What was your inspiration?
My oldest daughter asked for a new coat, specifically ivory brocade with gold. I happened to have this vintage fabric in the stash. It was inherited from a cousin and it is 50-60 years old. I decided to use it to make a "practice coat." The further I went with this, the more I realized that this had the potential to be a special "one of a kind" garment. I took great care with all the details.
I was told that this fabric was made for a specific Vogue one-shouldered evening gown. If anyone out there has any idea what that pattern might be, I'd love to know.

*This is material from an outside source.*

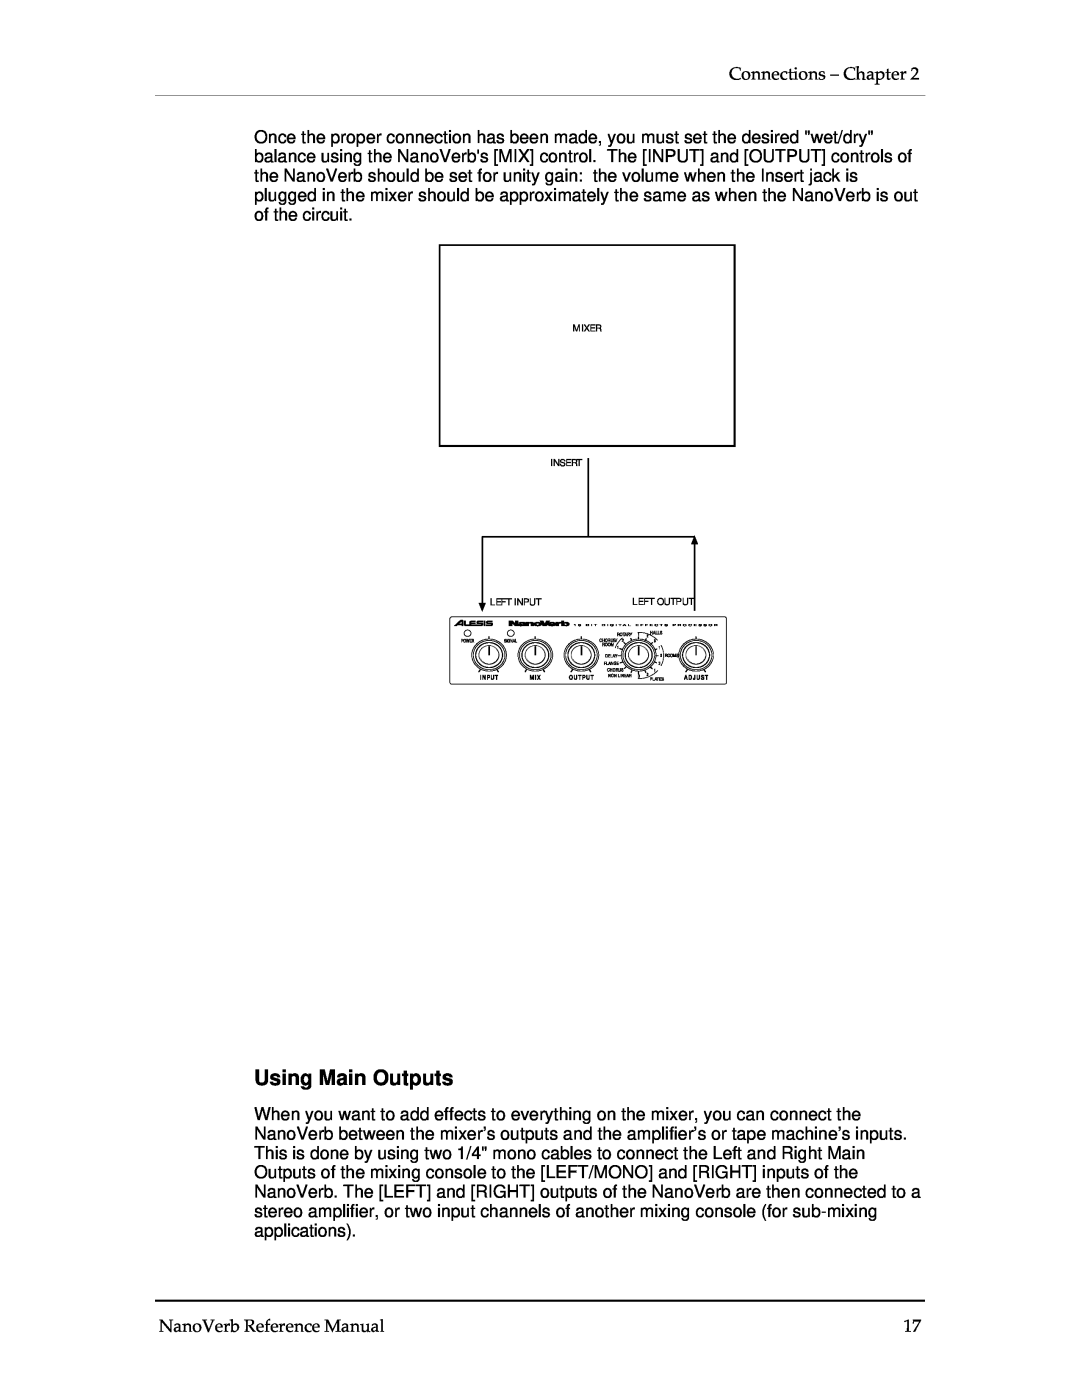 Alesis Stereo Amplifier manual Using Main Outputs, Connections - Chapter, NanoVerb Reference Manual

What are you most proud of?
The details, and the freedom I felt to experiment. Piecing the sleeves, I was able to take full advantage of the fabric and feature the flower bouquets more prominently. Also, I got out the attachments for my very old Singer (recently repaired) and discovered that the ruffler works beautifully. I took full advantage of this and made enough ruffle for the entire edge. Also, the coat is completely reversible . . . it can be worn ivory or gold side out.
And I cannot say enough for the interfacing! Pam Erny of Fashion Sewing Supply has it right! The ivory side of the coat is completely interfaced with Pro Weft Medium Weight Fusible Interfacing. This gave the fabric body and structure without any stiffness at all. It also adds warmth and weight. It made all the difference in the success of this project.
My one disappointment is the buttons. They are self-fabric buttons . . . extremely lightweight and cheap feeling. Anyone have any advice on how to go about finding a better alternative? I couldn't find any buttons that really looked good. Would love to have buttons made from this fabric . . . just better than this.
Update . . . The new buttons are gorgeous! Pat Mahoney of Pat's Custom Buttons did a wonderful job with my fabric. NOW I'm satisfied with this project!
What advice would you give someone starting this project?
Find a simple pattern and use couture techniques. Once again, I will recommend enrolling in Susan Khalje's Couture Dress Class. The techniques learned in that course have made every garment I've sewn since so much more successful. Hopefully with each project I will get a little bolder and experiment more (play with the fabric . . . let it tell you what it wants to be).